Source material =>
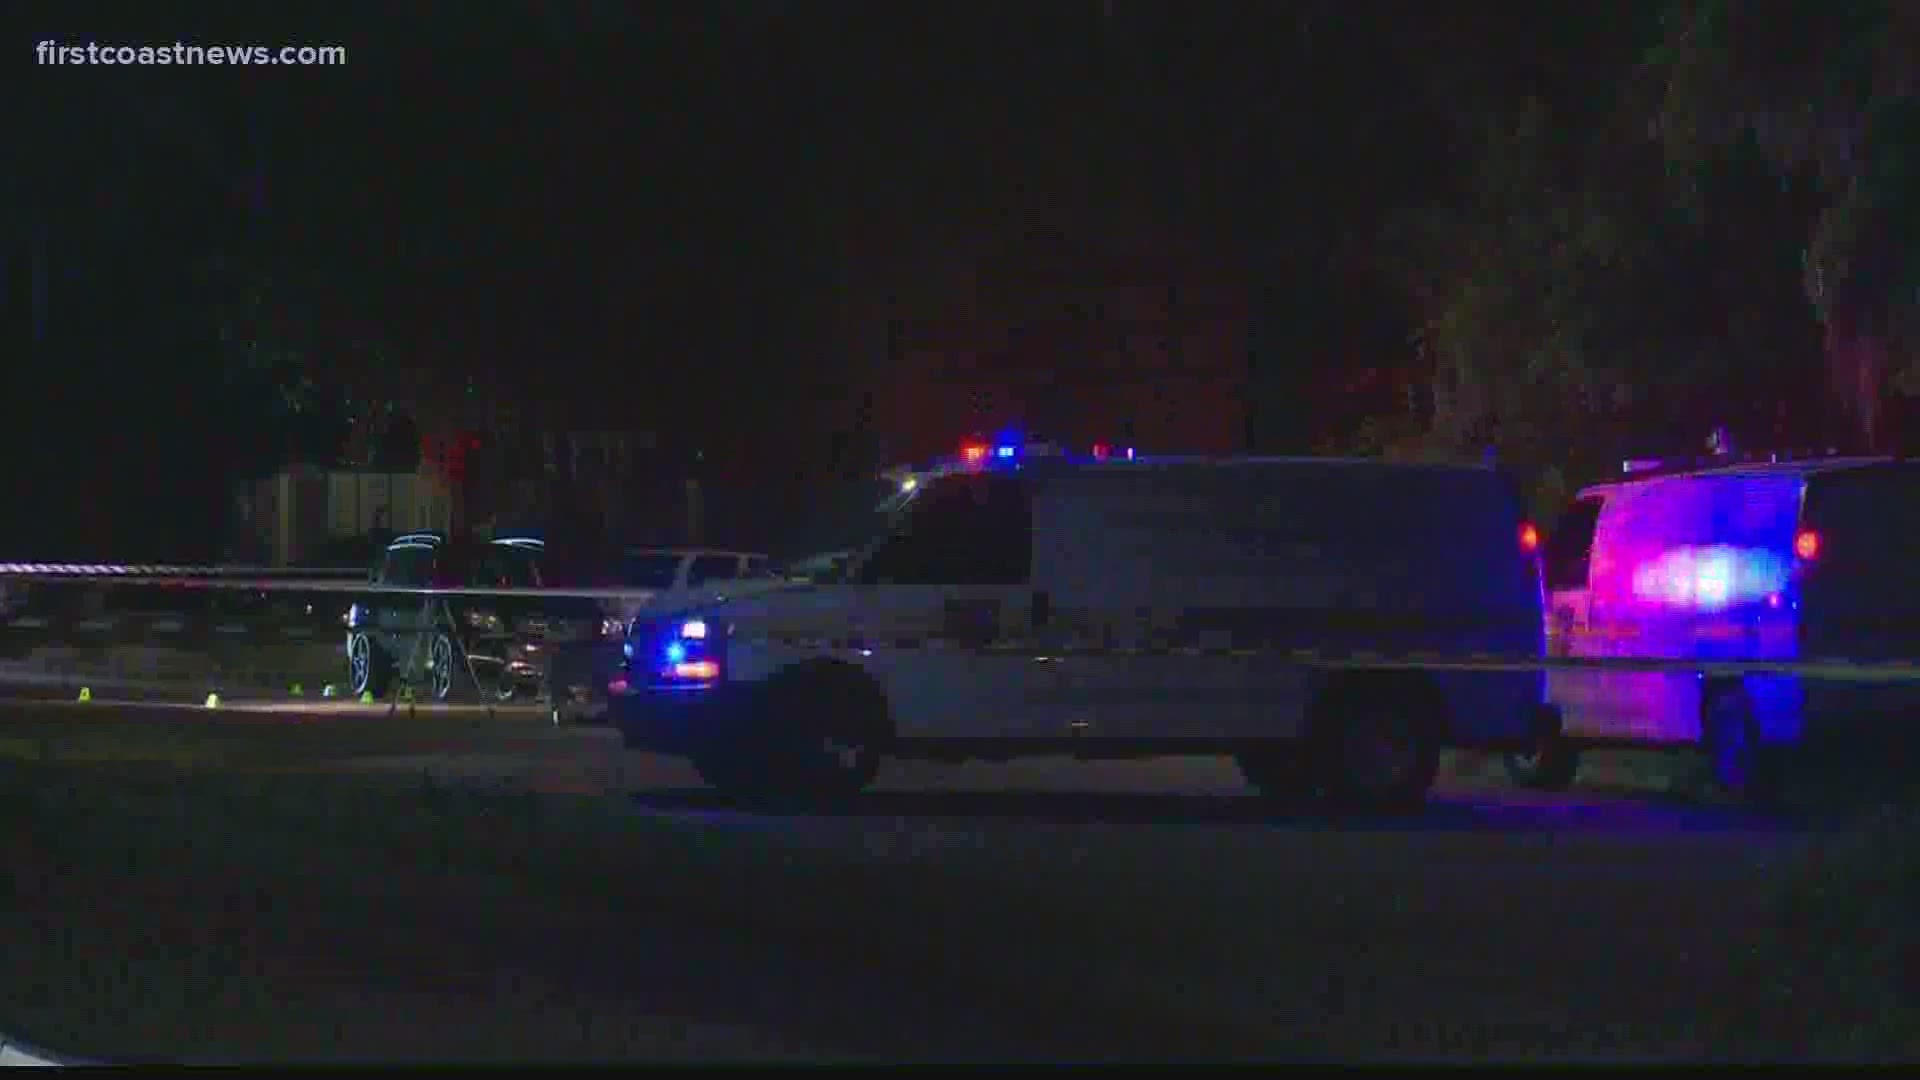 A man in his 20s was found dead night after a reported shooting in Jacksonville's Brentwood neighborhood.
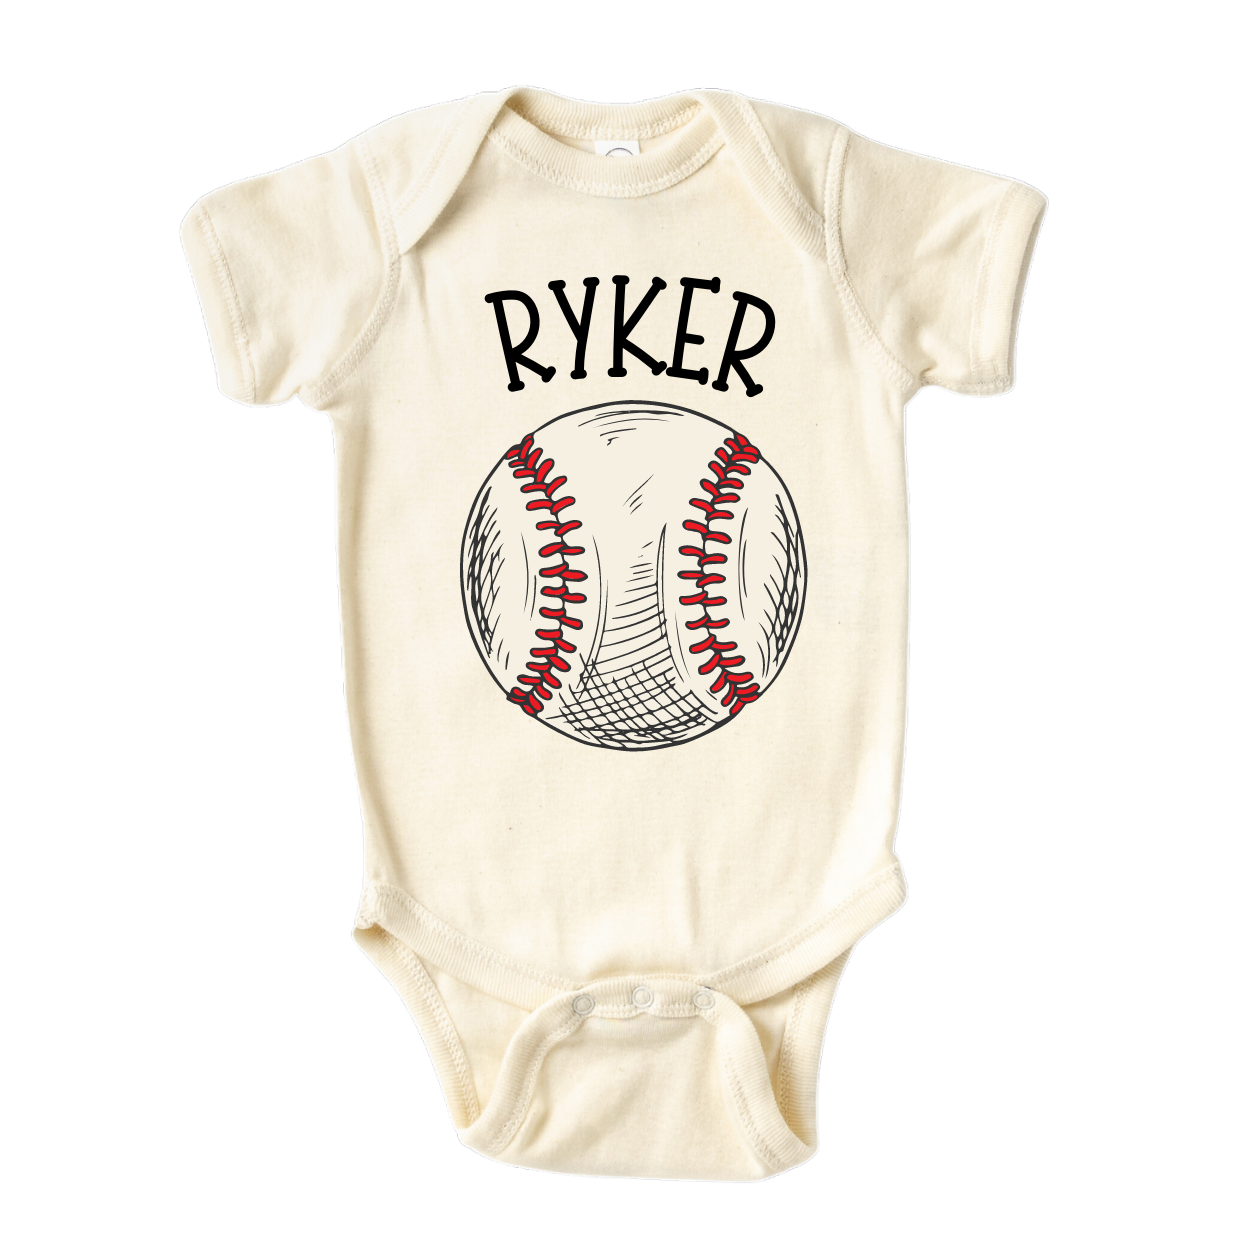 Natural Baby Bodysuit with a cute printed design of a baseball, customizable with a name option.
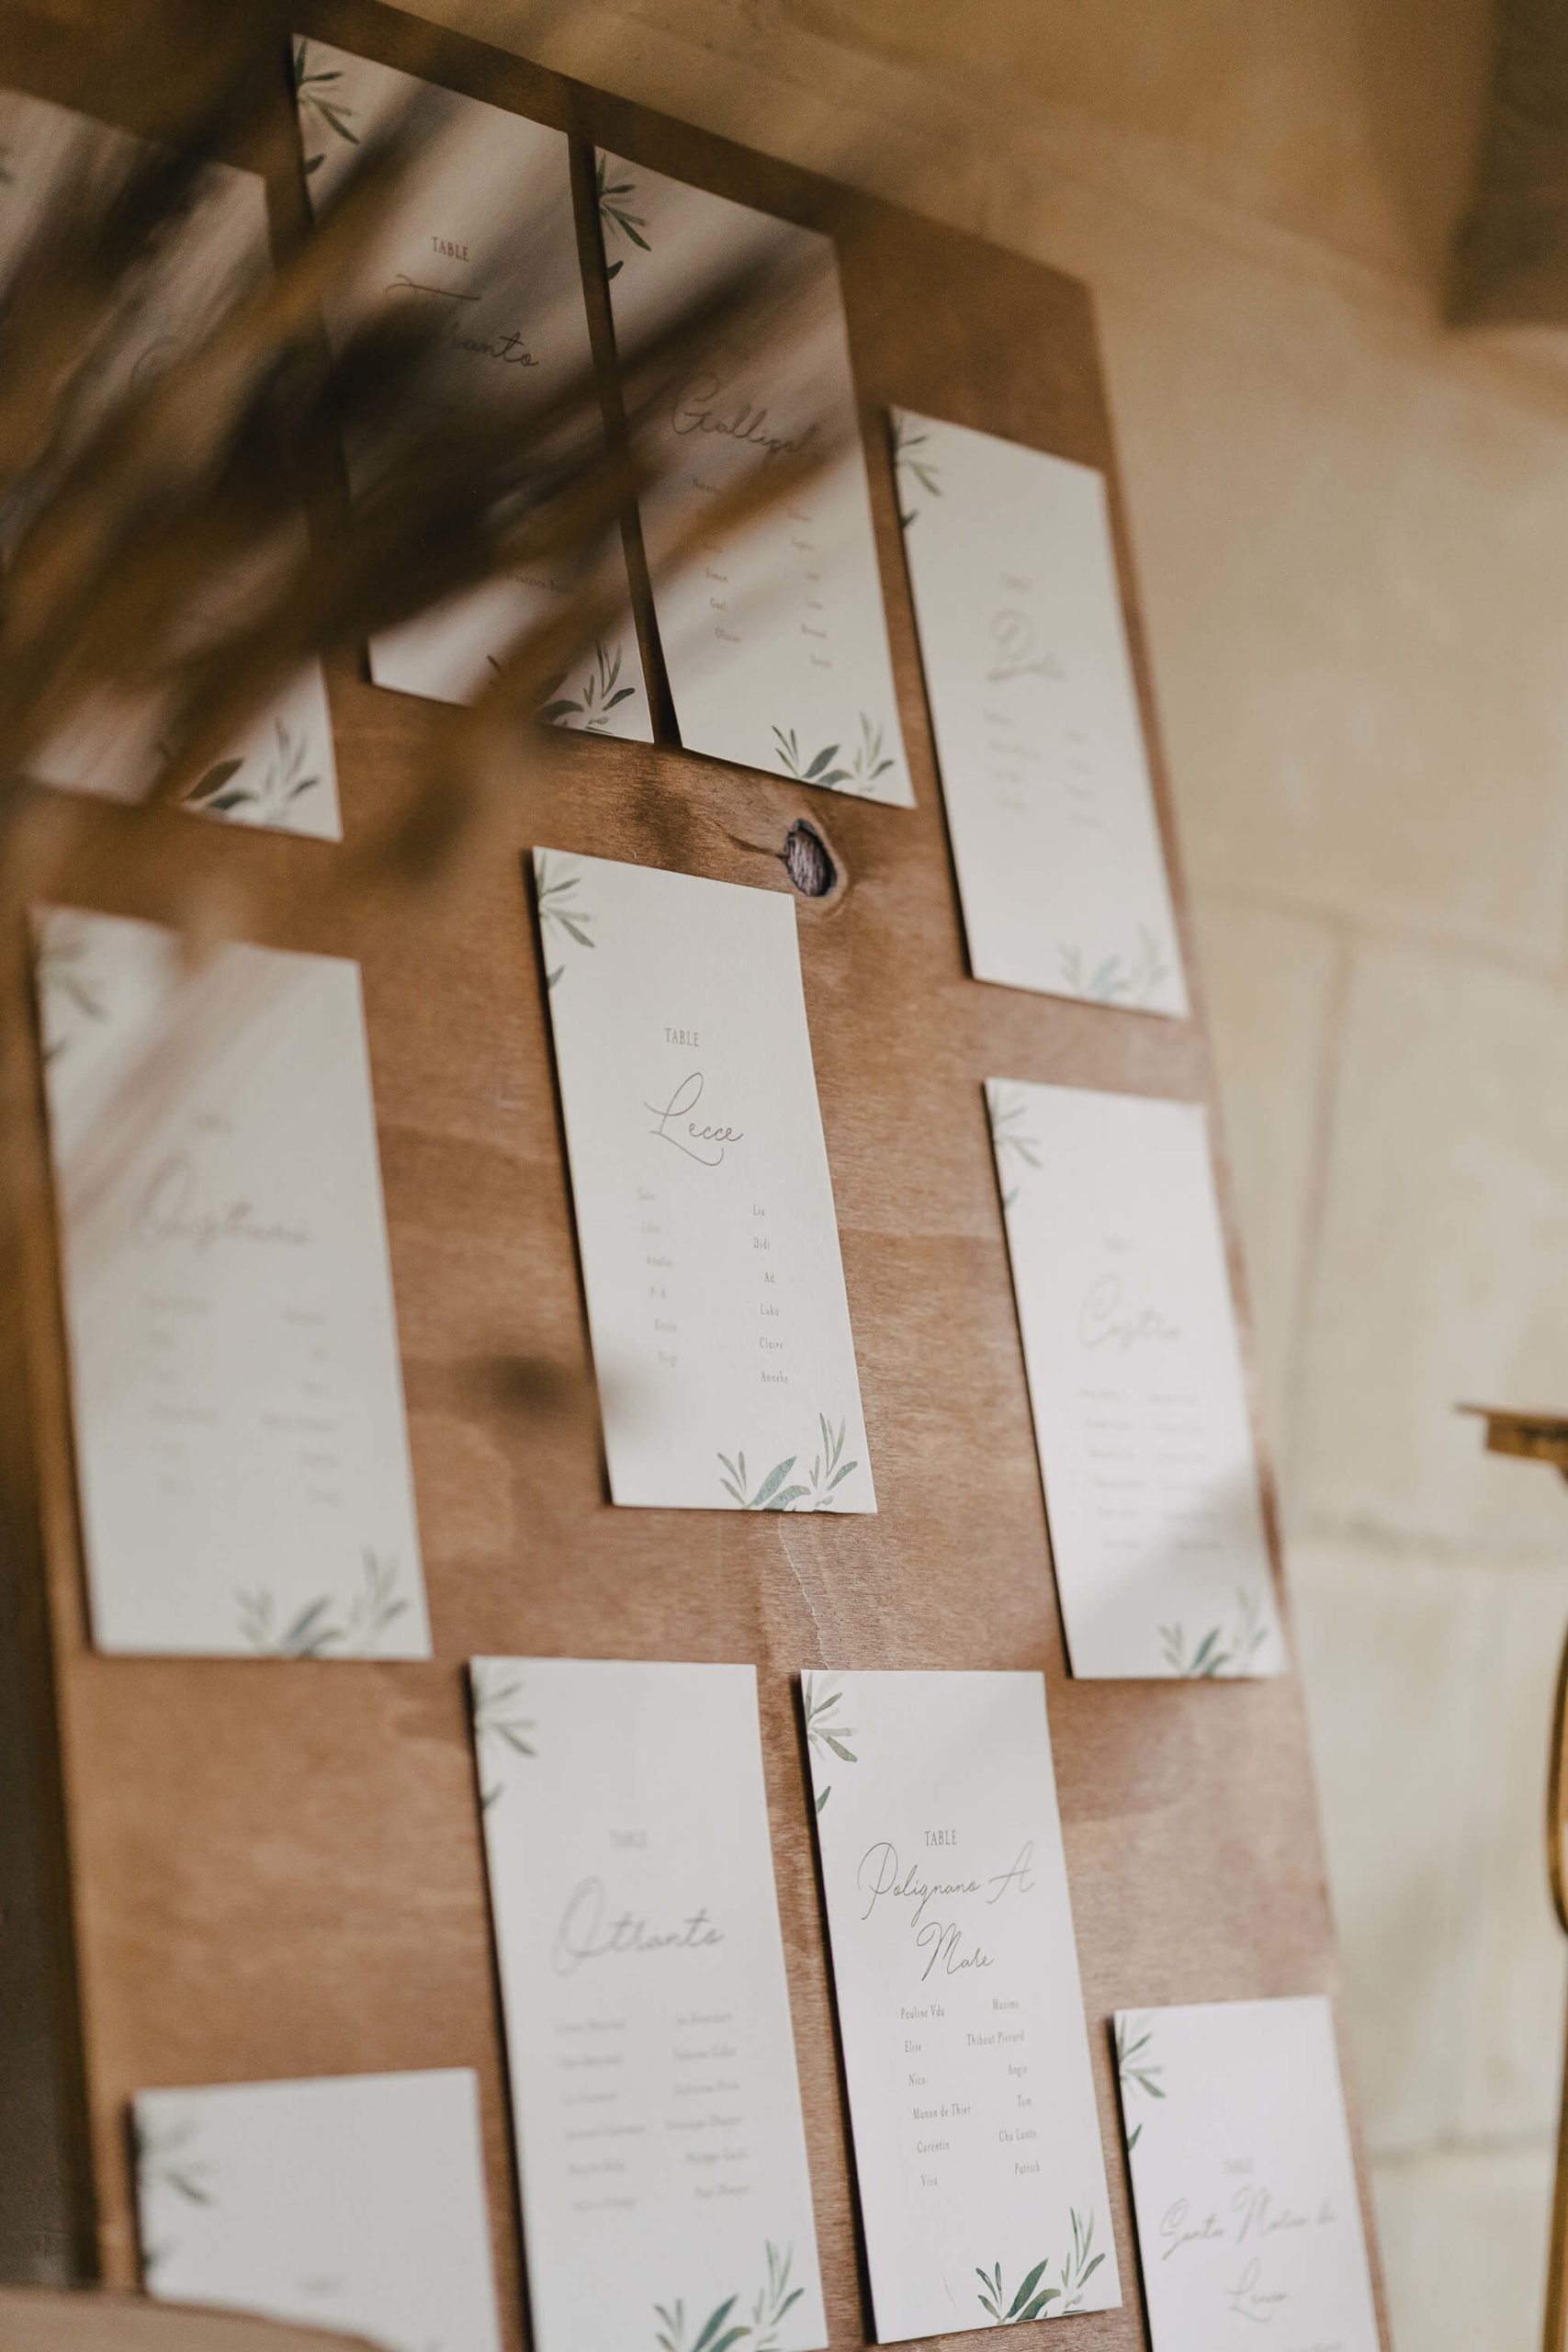 Comment organiser son mariage : 5 applications indispensables

Problem statement => Repeat all the material above exactly, apart from the pictures.

Response to this exercise =>
 A man in his 20s was found dead night after a reported shooting in Jacksonville's Brentwood neighborhood.
 Natural Baby Bodysuit with a cute printed design of a baseball, customizable with a name option.
 Comment organiser son mariage : 5 applications indispensables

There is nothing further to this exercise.